Publication: March 14, 2022 [100 copies]
$ 9.00 + $2 shipping in US
Nora Hikari (she/her) is a transgender poet and artist based in Philadelphia. Her work has appeared in or is forthcoming at Ploughshares, The Shade Journal, Palette Poetry, Gulf Coast, The Journal, and others. She can be found at her website norahikari.com, on Twitter at @norahikari, and contacted at firstname.lastname@example.org, and she invites correspondence from readers, especially transgender readers.
I call this one “Not Hating Your Own Kind”

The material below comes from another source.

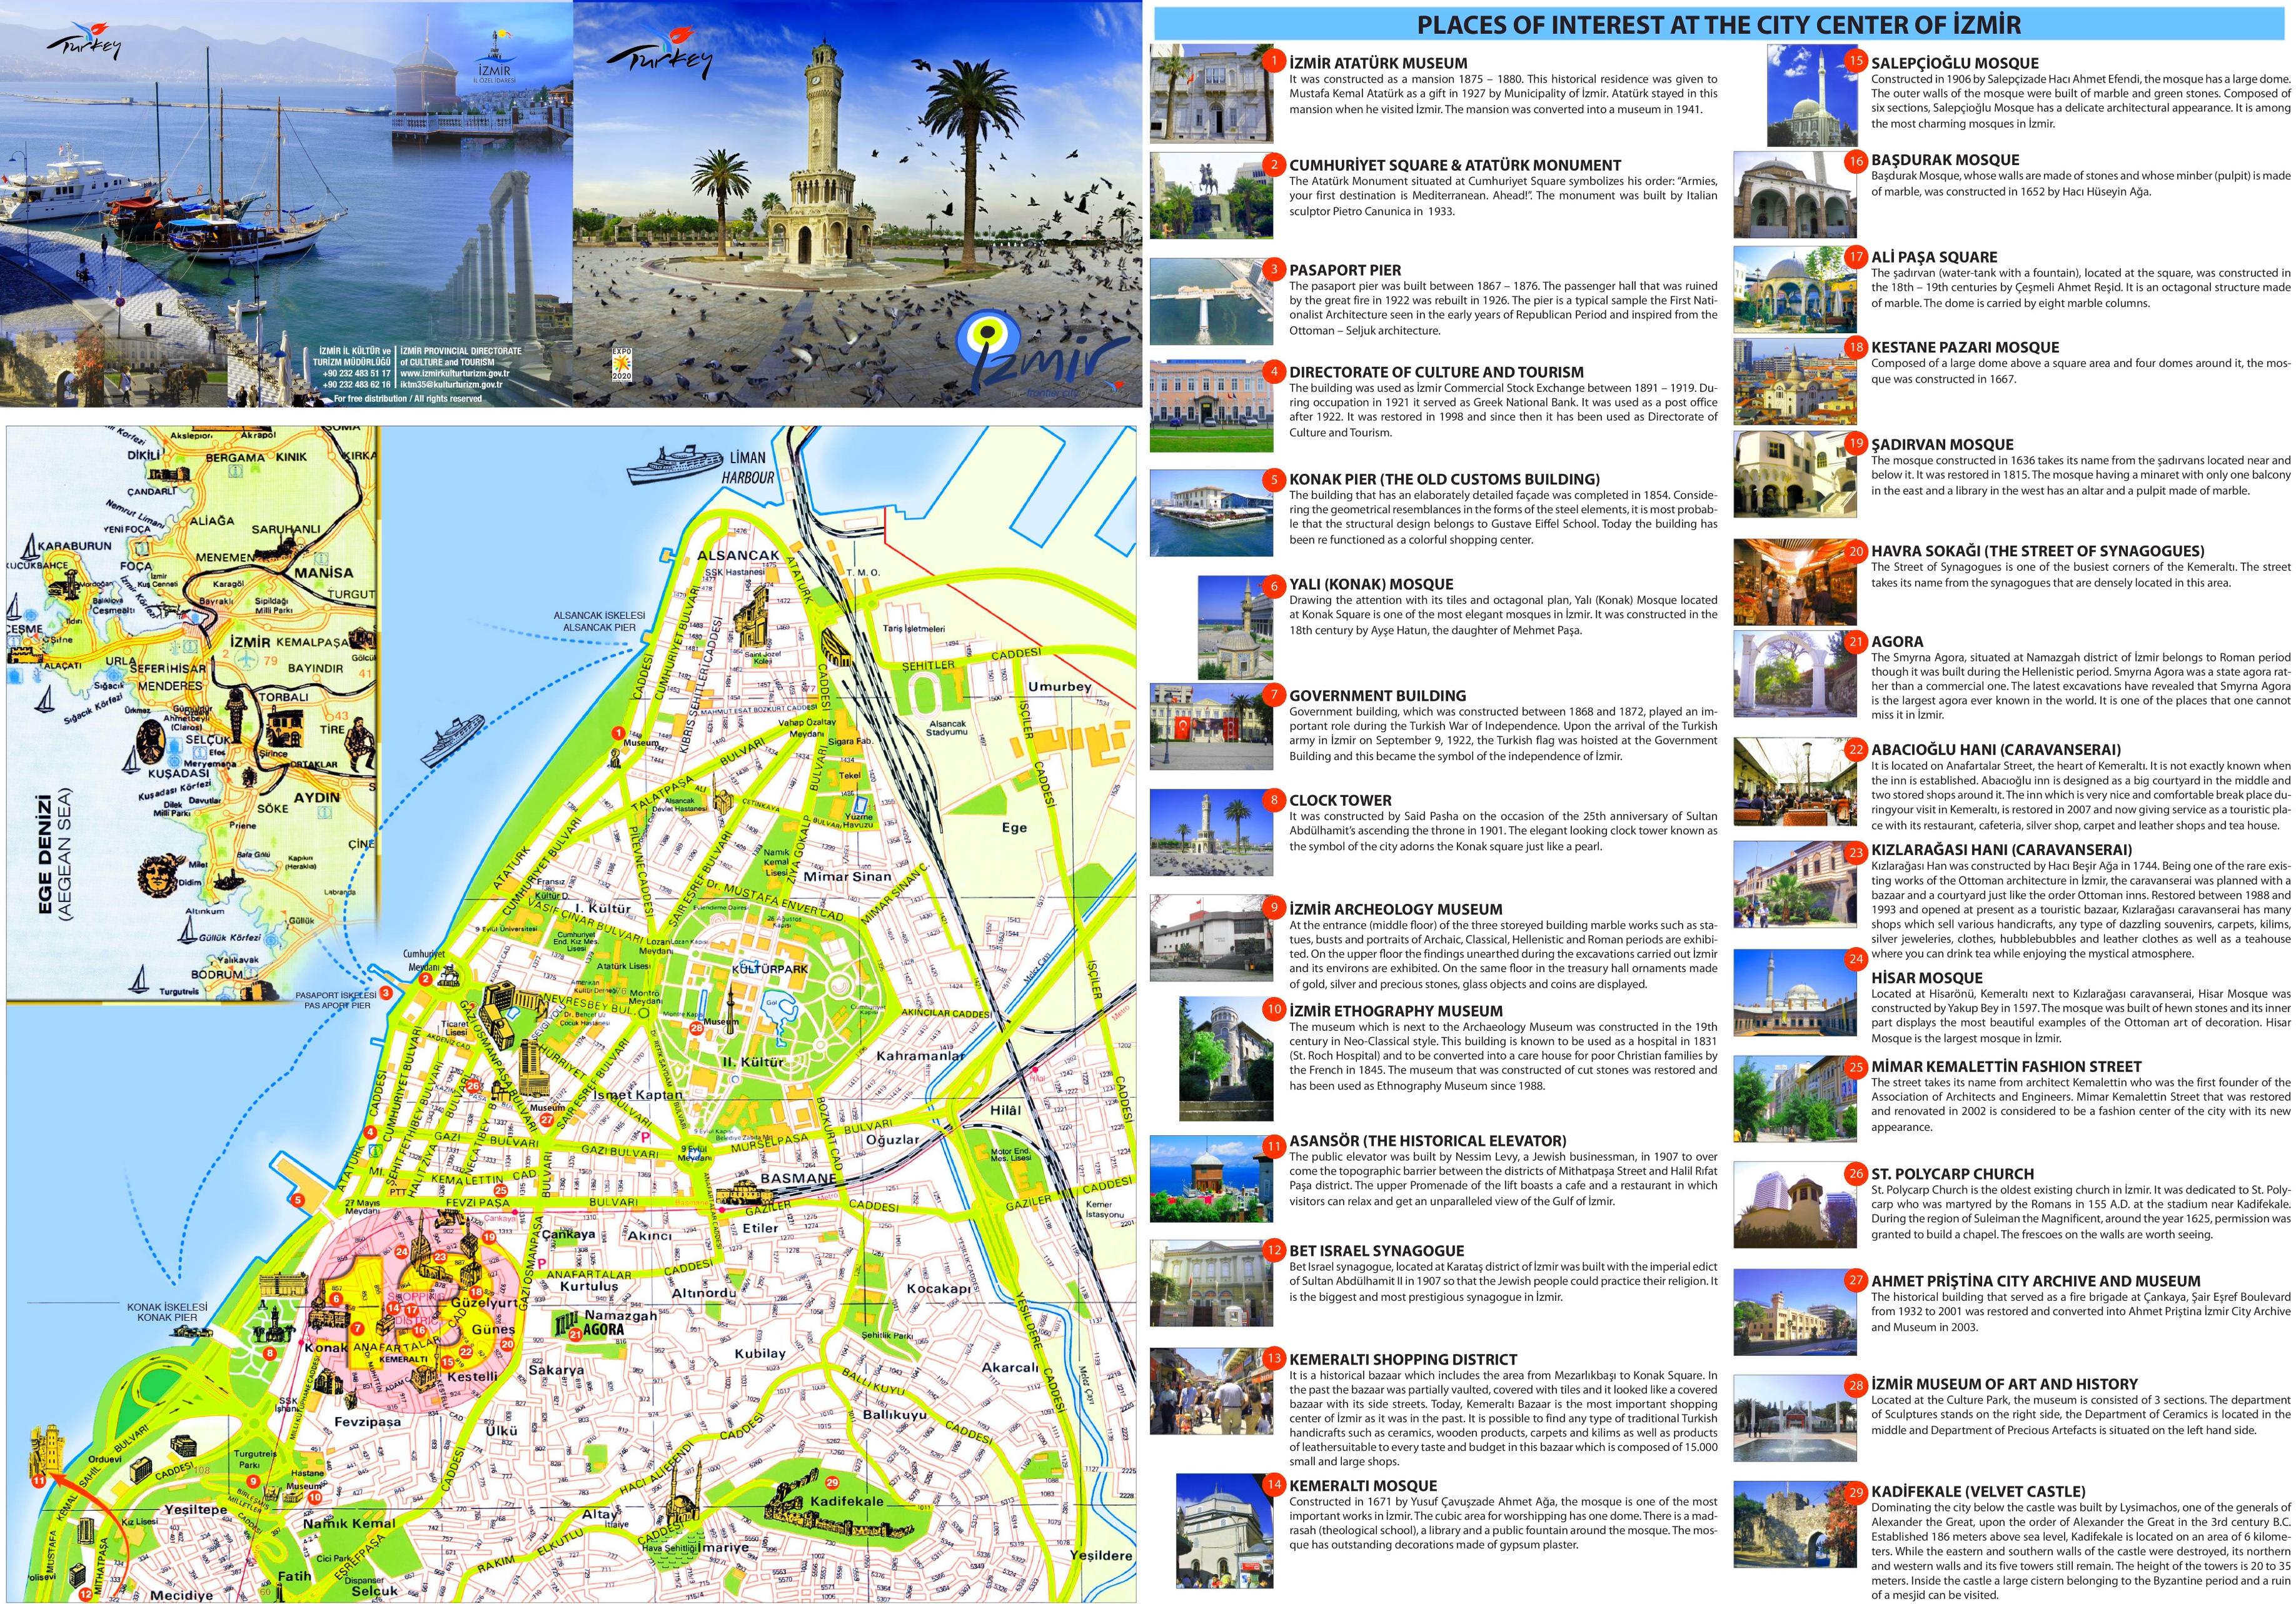 zmir tourist attractions map

Mannequin fingers are soft if you can unwind them into realness.
Plastic has a place in my household. What’s a plastic flower? Delicate
and immortal all in one. I love a created thing. I love fucked-up things
just a little too much just because they’re fucked-up, y’know? I love a
fucked-up looking doll with patchy hair and broad shoulders. I love an
unloveable pear. In the beginning we were asked to name the world.
It’s the part of creation we were given. I get to say what a thing is,
you know, as my birthright. I get to draw the lines.
I write my name. I write my own name, over and over, into life.
I call this one “letting me see myself in the mirror.” I call this one
“an act of vicious rebellion.” It goes like this: I love you. I love you
and I’m not afraid of saying that. I couldn’t bury your bones even if I
wasn’t sobbing and I thought I could dig. I couldn’t. There’s something
desperate and unkind about coveting snowflakes as they fall, in
all their spindly and wavering tragedy. All of this could be gone in a
second. All of this could melt in my palms but I’m sorry, I just need to
hold it close to my lashes, let the crystals see my tears. This is what I
mean when I say “we need each other more than we need ourselves.”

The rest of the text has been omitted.